Q&A with Jill Dyche: I'm Ready for AI. But My Company's Not!
In which Jill makes nice with the engineers.
Sometimes we’re victims of our own competency. You lose the promotion because “you’re too valuable where you are.” You’re asked to deliver the same talk again—you know, the one that killed in Atlanta! The same conversation takes place in multiple meetings, like a workplace Groundhog Day. Your boss says, sunnily, “Keep doing what you’re doing.”
This is true of Carlos, who’s been working on an analytics team for what seems like forever.
I work in the Analytics Office at an automobile company. I can modestly say I’m an expert on analytics, having worked with several vendors, large and small, on dozens of projects. My colleagues are all just as and in some cases more talented than I am. We all like the variety of work and the credibility our team has. Plus we’re proud that our company has become more data-driven because of us.

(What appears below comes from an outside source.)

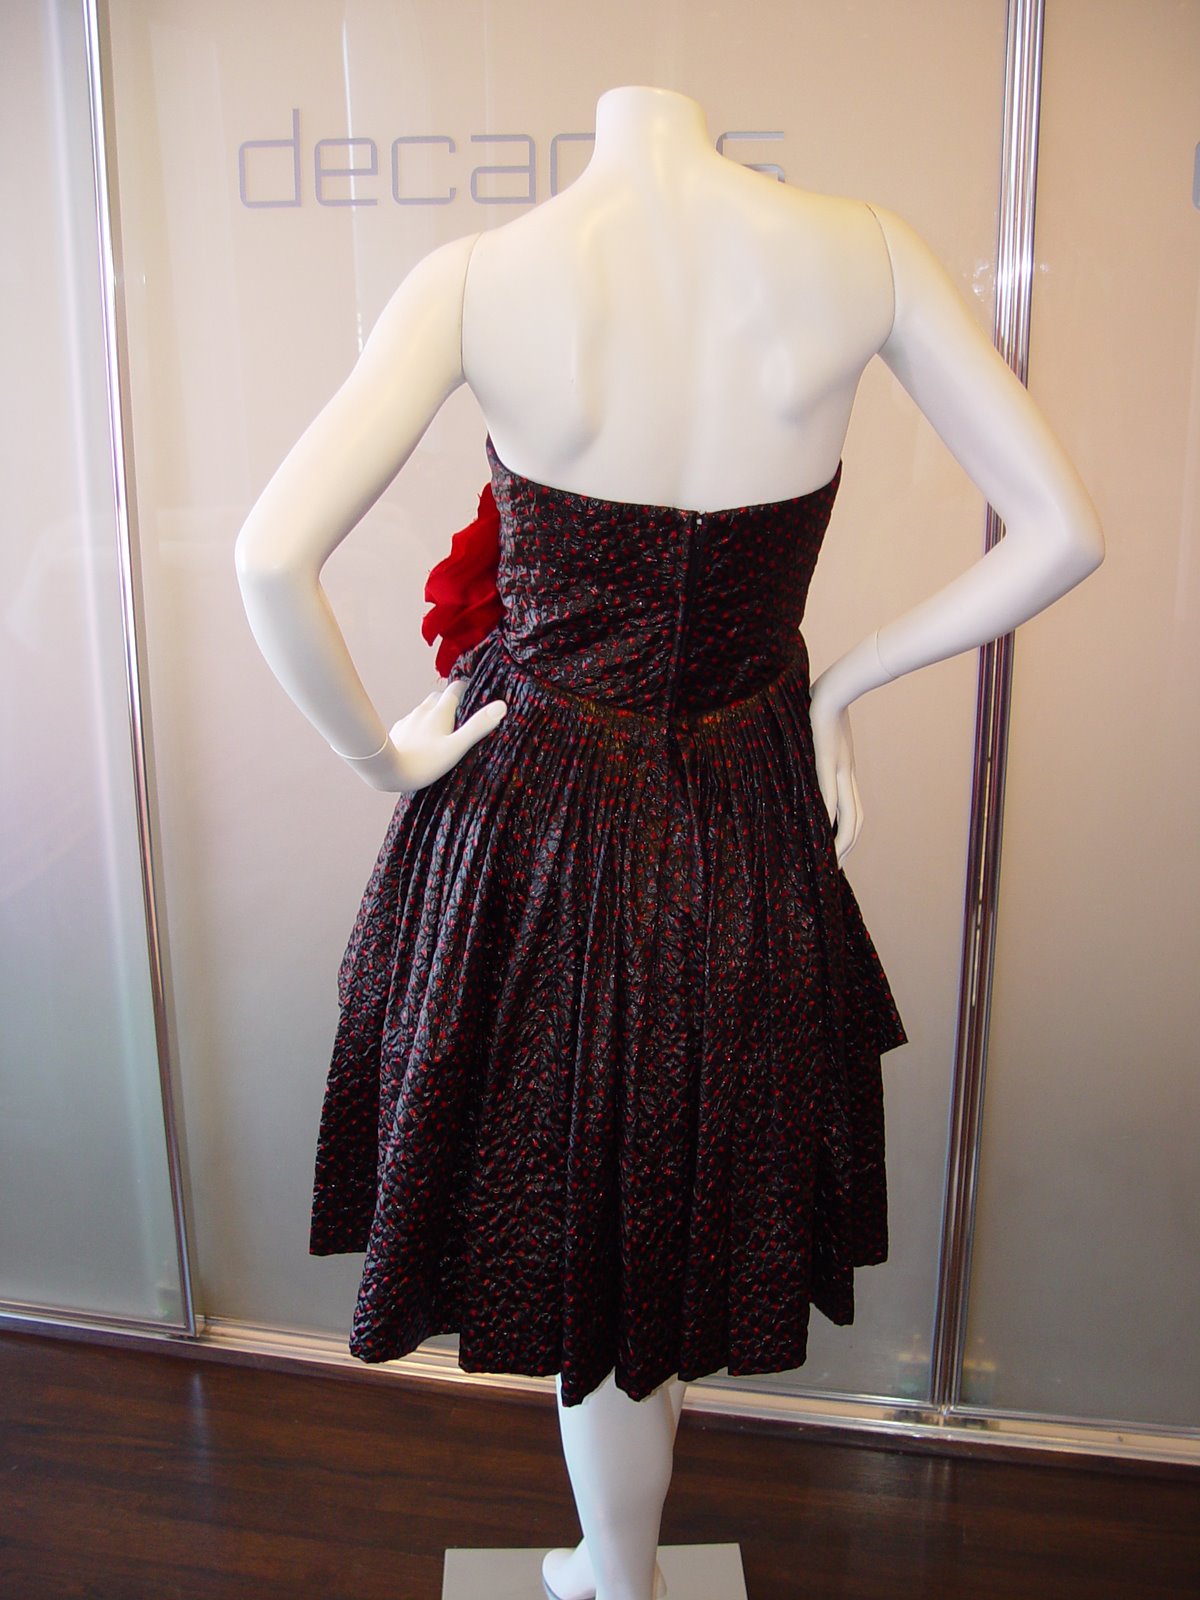 [JAMES+GALANOS+50S+STYLE+80S+ERA+BLACK+SHINY+QUILTED+FABRIC+WITH+RED+DOT+DRESS+WITH+BIG+RED+FLOWER+AT+WAIST+CONTEMPORARY+SIZE+4+-+6.JPG+(1).JPG]

However we all share the same frustration: we’re ready to adopt more advanced technologies. I recently saw a demo of a deep learning algorithm that call tell the difference between humans and non-humans. Think about the potential for an autonomous driving vehicle to distinguish between a traffic cone and a child. We could be saving lives!
A team member in the cube next to me just wrote a white paper on virtual and augmented reality. We all agree we could be doing some cool new stuff with AI. But our leadership isn’t receptive. Any advice?
-- Carlos, USA
Carlos, I’m not sure whether to offer my congrats or my condolences. Your team is certainly great at what it does. Let me suggest a gut check before answering your question.
Are you absolutely sure your team isn’t succumbing to BSOS (Bright Shiny Object Syndrome)? It’s been known to happen. A crack team of smart people will often get bored with the same ole’ same ole’ and hunt for opportunities to learn new things or try out new tools.
That’s not an indictment, it’s reality. Just be clear-eyed about whether you’re seen by others as truly delivering value. Even if there’s a one hundred million dollar opportunity for deep learning, you might not be involved if your team is considered too unfocused or academic.
Honestly—and I say this with love—I suspect there might be a little of this happening. Otherwise, why did your colleague write a white paper and not a business case?
Which brings me to my suggestion: Write a business case. White papers, faster algorithms or hiring more data scientists won’t necessarily lead to new opportunities. You need to justify the extra investment (in money and resources) by explaining in concrete terms what the benefits are. The business case should include:
- A problem description: what business problems will the proposed technology solve? Why is it unique?
- Proposed functionality: what does the new tool do? Stay away from technical jargon and overdone functions and features. Simply explain what it does that your incumbent solutions can’t do. Give an example like sensors on cars distinguishing between various objects on the road.
- Rough costs: This doesn’t need to be exact. Somewhere between napkin math and vendor proposals will do. Estimate spend for software, hardware, additional skills needed, and ancillary costs like integration or fresh data sets.
- Risk assessment: Create a list of realistic-but-avoidable risks. Be frank without sounding dire. Include not only technical risks (what happens if the software doesn’t do what the vendor promised?) but market risks (will the introduction of the new capability cause confusion with customers, partners, or the street?), and organizational risks (will implementation take resources away from another planned initiative?).
- The pitch: What value will the new capability bring to the company? Will it drive new revenues? Save costs or introduce operational efficiencies? Maybe introduce a new business model? Include a discussion of ROI if you can, and provide “soft” benefits such as employee retention and improved market perception if they apply. This is the “it’s worth it” pitch.
- Opportunity cost: It’s cheeky, but when I wrote business cases I always included the cost of doing nothing. Don’t wag your finger, just paint the consequences of not being a first mover, losing a potential customer segment, or incurring a lawsuit.
- The Ask: Don’t leave approvers hanging. Ask for what you need. Perhaps a software license for a new AI module, some development talent, and some servers. Or all of these. Avoid asking for the “bare minimum”—the solution you acquire should scale. And you want the appropriate level of commitment from approvers.
For teams like yours, assembling a compelling business case is more of a challenge than building the edgiest of algorithms. But it’s a critical exercise every analytics executive should go through, at least once. If you succeed, you’ll learn a new technology AND a new skill!